Наблюдательный ротный оказался прав. Он первым заметил, что на плечах подполковника Иванова были нашиты погоны, чего наставлением по воздушно-десантной подготовке не предполагалось. Лишние крючочки, а в данном случае – звёздочки – могли представлять опасность при раскрытии парашюта. Кроме того, предполагалось, что именно в этой форме разведчики должны выполнять боевую задачу в тылу противника, а там не должно было быть ничего, определяющего принадлежность не то что к роду войск, но и к армии государства в целом.
Однако у комбрига было своё мнение на этот счёт. Неразборчивый, но внушительный рык подтвердил догадку Егорова. Более того, стало ясно, что все мы сейчас будем приводить себя в надлежащий вид – пришивать погоны – не сходя с места, прямо здесь, на плацу в тридцатиградусный мороз. Дав на всё два часа времени, Иванов удалился с непроницаемым и свирепым выражением лица.
– Долбанные «каменюки», – вполголоса проговорил Егоров. Обзывать при всех комбрига было не с руки, поэтому он выразился именно так. «Каменюки» было одним из названий места, где располагалась наша воинская часть.

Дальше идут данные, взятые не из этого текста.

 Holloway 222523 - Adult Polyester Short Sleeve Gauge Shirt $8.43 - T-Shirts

Дело в том, что бригада находилась на опушке леса, в распадке между сопками, склоны которых были каменистыми, едва прикрытыми жиденькой травой. Это было большое счастье, что наша тактико-специальная подготовка не предполагала рытья различного рода фортификационных сооружений.
– Мужики, – произнёс он уже спокойным голосом, обращаясь к нам, молодым офицерам: – вы не представляете, как вам повезло, что службу начали именно здесь, в гадючьем месте.

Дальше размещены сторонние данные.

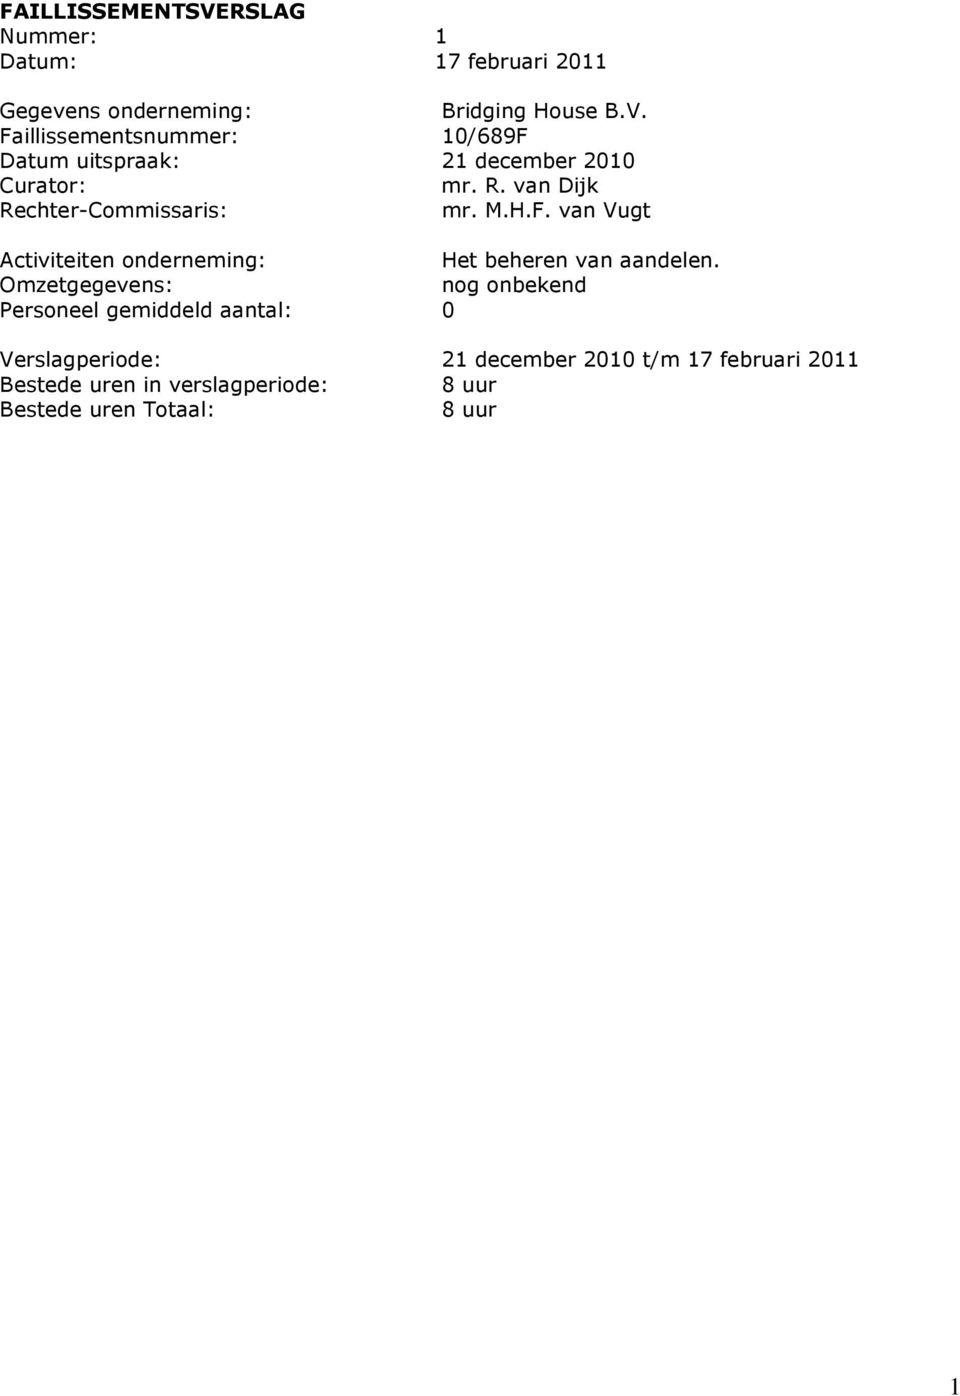 Omzetgegevens: nog onbekend Personeel gemiddeld aantal: 0 Verslagperiode: 21 december 2010 t/m 17 februari 2011

После паузы, предполагая последующий вопрос, уточнил:
– Сравнивать не с чем. Да и по молодости легче терпеть такие унижения и скотство.
Сергей Петрович был прав, а сам он прибыл из группы советских войск в Германии. Не дожидаясь распоряжения командира батальона, обернулся к старшине роты и уточнил:
– У нас погоны есть? Любые.
– Так точно, – тут же отозвался сержант: – с подменки оторвём.

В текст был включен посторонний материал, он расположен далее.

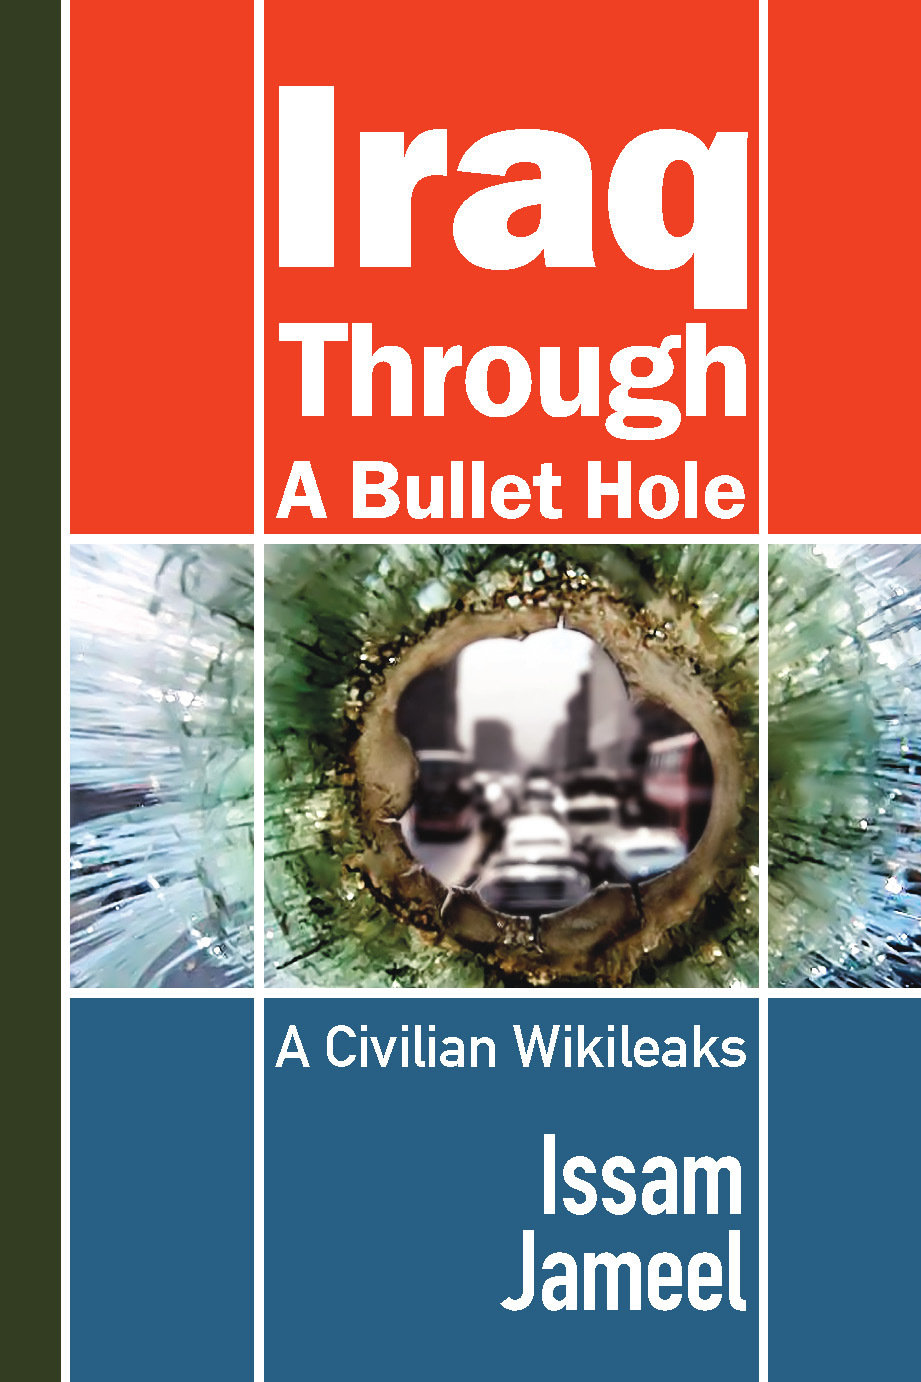 Iraq through a Bullet Hole: A Civilian Wikileaks

– Давай, каптёра скрытно в расположение и мигом обратно, – поставил задачу Егоров.
Особой скрытности не требовалось. Оставшийся за старшего, подполковник Фисюк понимал ситуацию и не обращал внимания на снующих в казармы и обратно бойцов.
«Швейные принадлежности» – нитки и иголки – были в шапке у каждого бойца, и через двадцать минут работа началась. Снимать на плацу, под пронизывающим ветром меховые куртки было нежелательно, поэтому находчивые бойцы стали пришивать погоны друг другу В основном молодые – старослужащим. Работа двигалась медленно. Время от времени солдаты запихивали ладони в себе в штаны, пытаясь в паху согреть потерявшие на морозе чувствительность пальцы.
Если у бойцов вопрос с погонами был решён, то для офицеров это оставалось проблемой. Капитан Егоров решительно стащил с себя куртку и, подставив мне плечо, скомандовал: «Рви». Это был единственный вариант: оторвать погоны с кителя и приторочить на куртку. То, на что у меня в нормальной обстановке уходило не более трёх минут, здесь, на плацу, могло занять очень много времени. Пальцы не гнулись, ткань была плотной и грубой, иголки ломались. В отведённые два часа мы не уложились.
Незаметно появился комбриг. Он взобрался на трибуну и грозно оглядел копошащийся личный состав. Выдвинутая вперёд челюсть говорила о наивысшей точке свирепости подполковника.
– Что… вашу… мать, времени не хватило? – зарычал он, и над подобием строя воцарилась гробовая тишина.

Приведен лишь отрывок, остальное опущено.